Let’s assume two states, Uttar Pradesh (UP) and Tamil Nadu (TN), have different peak demand patterns over the course of a week. Below is the hypothetical peak demand (in MW) for each state over seven days:
Step 1: Averaging Across Days
If we use a simple average across these days to calculate the national coincident demand, the results would be:
– UP Average Demand = (22,000 + 23,000 + 35,000 + 24,000 + 23,500 + 22,500 + 23,000) / 7 = 24,143 MW
– TN Average Demand = (15,000 + 14,500 + 15,500 + 16,000 + 15,000 + 16,500 + 15,500) / 7 = 15,429 MW
The national coincident peak is the sum of the averages:
– Total Average Demand (National) = 24,143 MW + 15,429 MW = 39,572 MW
Step 2: Ignoring the Sharp Peak
Now, consider Day 3, where UP experiences an extreme demand spike of 35,000 MW due to a heatwave. The averaging method reduces the significance of this sharp peak because it smooths the demand over the whole week.
If we look at Day 3 alone:
– UP Demand = 35,000 MW
– TN Demand = 15,500 MW
– Total Peak Demand (National) on Day 3 = 35,000 MW + 15,500 MW = 50,500 MW
On this particular day, the national grid needs to supply 50,500 MW. However, using the average method across the week, the coincident demand estimate is 39,572 MW. The shortfall during the real peak is:
– Shortfall = 50,500 MW – 39,572 MW = 10,928 MW
Impact of Over-Simplification
Due to the averaging approach, the methodology suggests that 39,572 MW is the required capacity at the national level, which does not account for the actual peak demand of 50,500 MW on Day 3. As a result, there is a shortfall of 10,928 MW during the heatwave.
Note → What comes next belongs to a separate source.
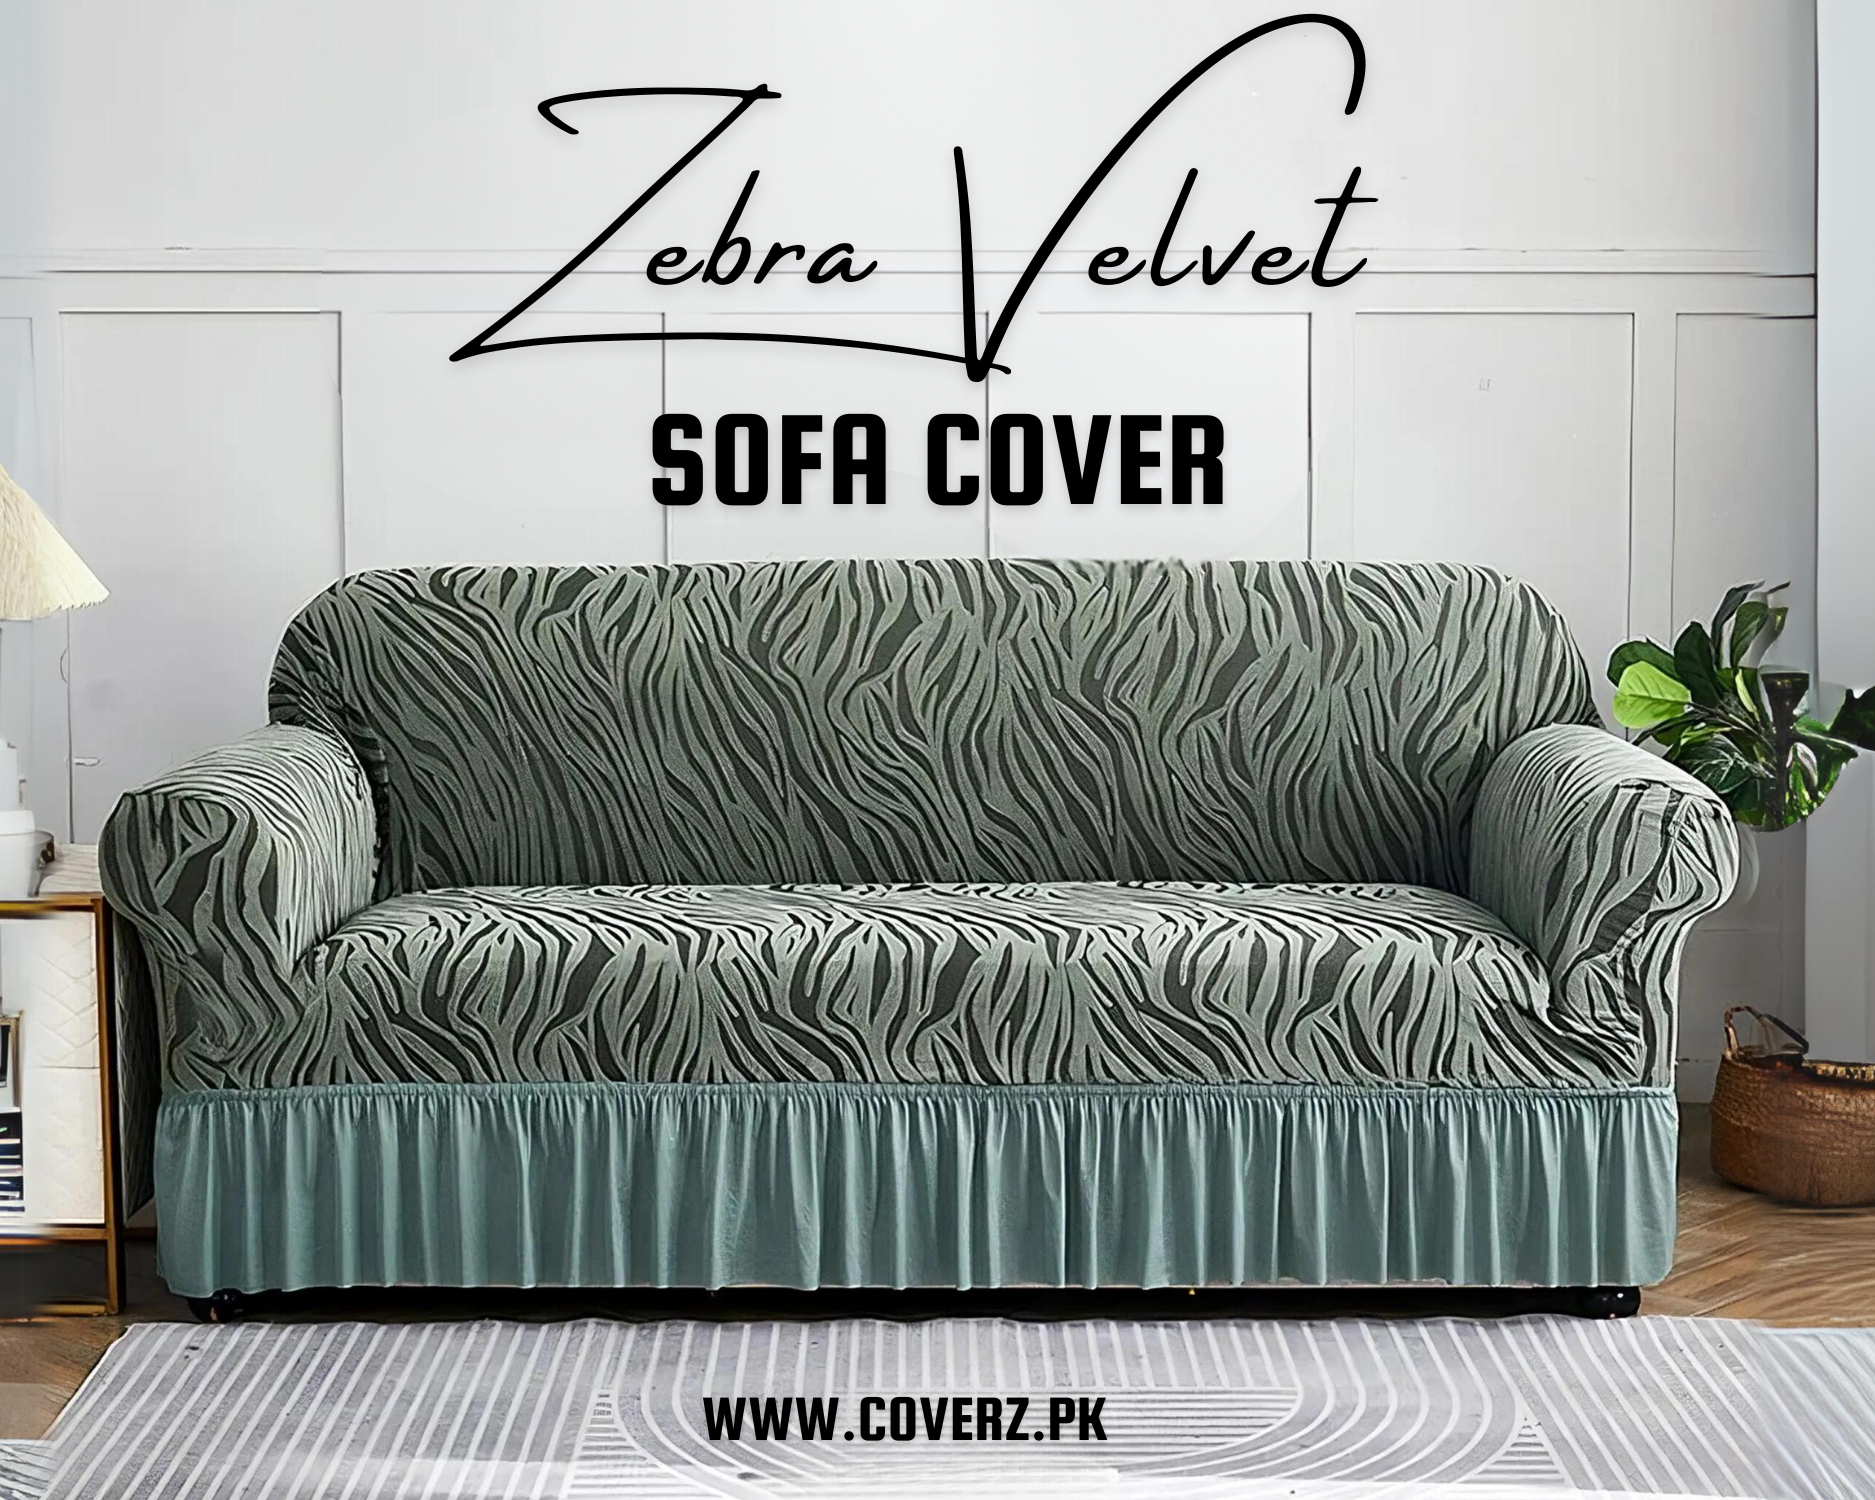 Zebra Velvet Turkish Style Sofa Cover All Colors
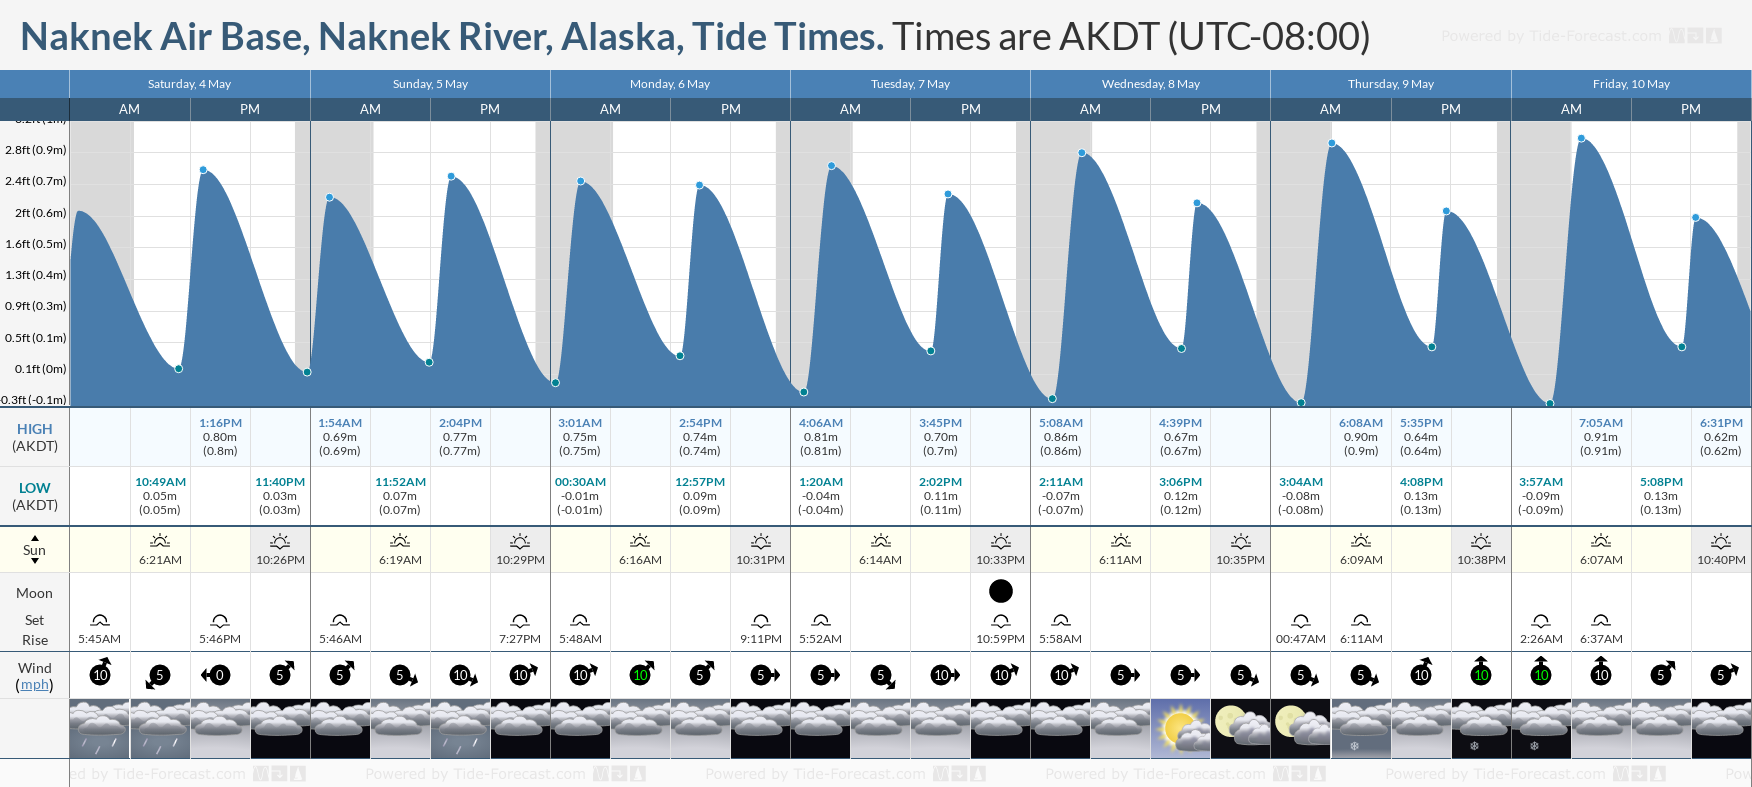 Naknek Air Base, Naknek River, Alaska Tide Chart including high and low tide tide times for the next 7 days

If the system is planned based on the average, there would be insufficient capacity to meet the peak demand during such extreme periods, leading to potential grid stress or power outages in UP.
Above is an example of how oversimplifying with averages can lead to aggregation errors, underestimating actual peak requirements in certain states and risking grid reliability and how regional spikes can be masked by averaging, potentially creating misalignments in the national-level capacity planning.
10. Limited Consideration of Localized Factors: Although historical profiles are used, the methodology may not fully account for future regional developments such as industrial growth, urbanization, or energy policy changes that could significantly affect demand at the state level. These localized factors might introduce aggregation errors when combining state-level data into national estimates.
Conclusion:
The proposed methodology for assessing the capacity credit of generation resources and determining coincident peak requirements is robust and scientifically grounded, particularly in addressing the variability of VREs and makes reasonable efforts to reduce aggregation errors. However, it introduces significant complexity and demands substantial technical resources, which might pose challenges for utilities with limited expertise and there remain potential issues with under- or overestimation due to reliance on averaging, coincident peak focus, and uniform capacity crediting across diverse state energy profiles. Balancing accuracy with simplicity should be a key consideration in the further refinement of this methodology.
Disclaimer: Views are personal and do not reflect of any institution of organisation associated.